But Franklin died of ovarian cancer in 1958 at age 37, before she could have shared in the Nobel Prize.

So why was there a Nobel Prize at all? Why was this discovery such a big deal?

"It was an astonishing revelation," said George Washington University historian Horace Freeland Judson, who is editing a collection of Crick's scientific papers. "It made brilliantly clear, instantly, how genes worked in principle."

What's more, says Yale historian Daniel Kevles, it made a strong case that DNA was indeed the stuff of genes, and it opened up huge avenues of research. In fact, the structure plainly suggested the answer to one basic question about genes: How do they copy themselves so they can be inherited?

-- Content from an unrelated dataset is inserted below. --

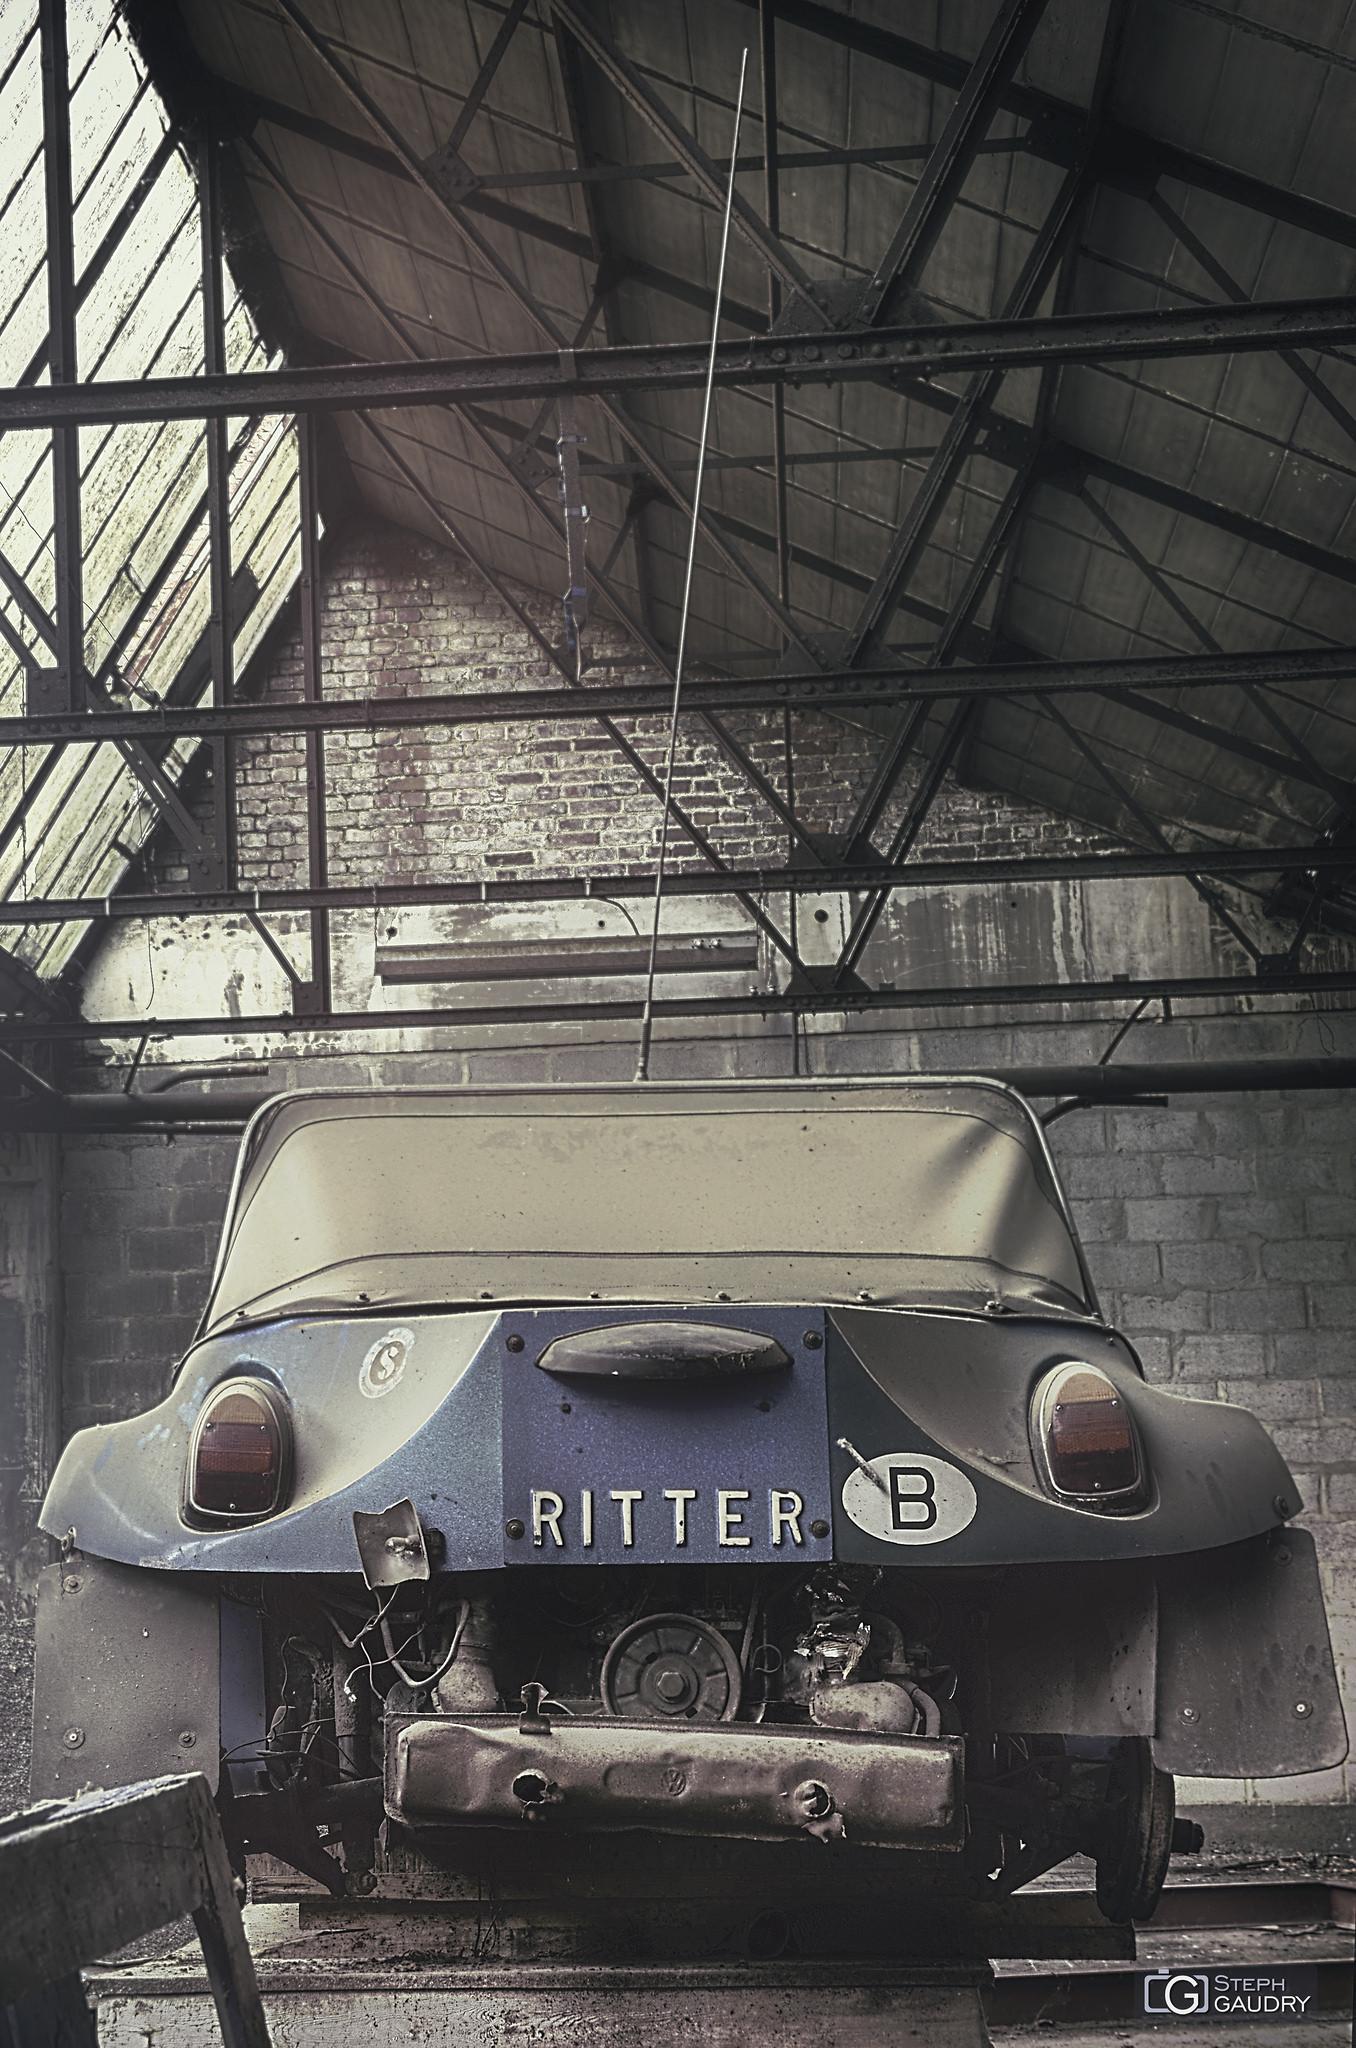 RITTER on rails - rear [Cliquez pour lancer le diaporama]

When they announced their discovery to the world in April 1953, Watson and Crick acknowledged that implication with one of the most famous sentences in scientific literature: "It has not escaped our notice that the specific pairing we have postulated immediately suggests a possible copying mechanism for the genetic material."

It sure does. The pairing scheme that Watson saw on his desktop was shown within a few years to be key to how genes replicate themselves. The ladder-like DNA molecule splits lengthwise, cutting each rung in half and exposing each base to the chemical soup. Then each exposed base pairs off with the same kind of partner as before. Result: two identical DNA molecules.

The structure also gave scientists a starting point to attack the other big question about genes: How do they direct the moment-to-moment production of proteins in cells?

Scientists eventually discovered that molecules of a DNA-like substance called RNA carry instructions from genes to the cell's protein-making machinery. By the mid-1960s, they'd identified the "words" in the DNA code that ordered specific building blocks for proteins.

At the time Watson and Crick revealed their discovery, however, its significance was largely overlooked.

"It was like a tree falling in the middle of the forest. It had no impact," recalled Alex Rich, who was studying DNA at the California Institute of Technology when he heard the news, and is now a biophysics professor at the Massachusetts Institute of Technology.

"Most places just ignored it," Rich said, in part for lack of interest in DNA and because of skepticism over what was, after all, just a hypothesis.

Excitement about the discovery didn't really build up until the late 1950s, after scientists showed that DNA replicates itself the way Watson and Crick suggested, and other experiments began to sketch out its involvement in making proteins.

The DNA story is far from over. Scientists are still working out the details of how DNA is replicated so quickly and accurately -- an astonishing feat, since each human cell contains billions of base pairs lined up along nearly six feet of DNA, all packed into a nucleus only one-twentieth the width of a human hair.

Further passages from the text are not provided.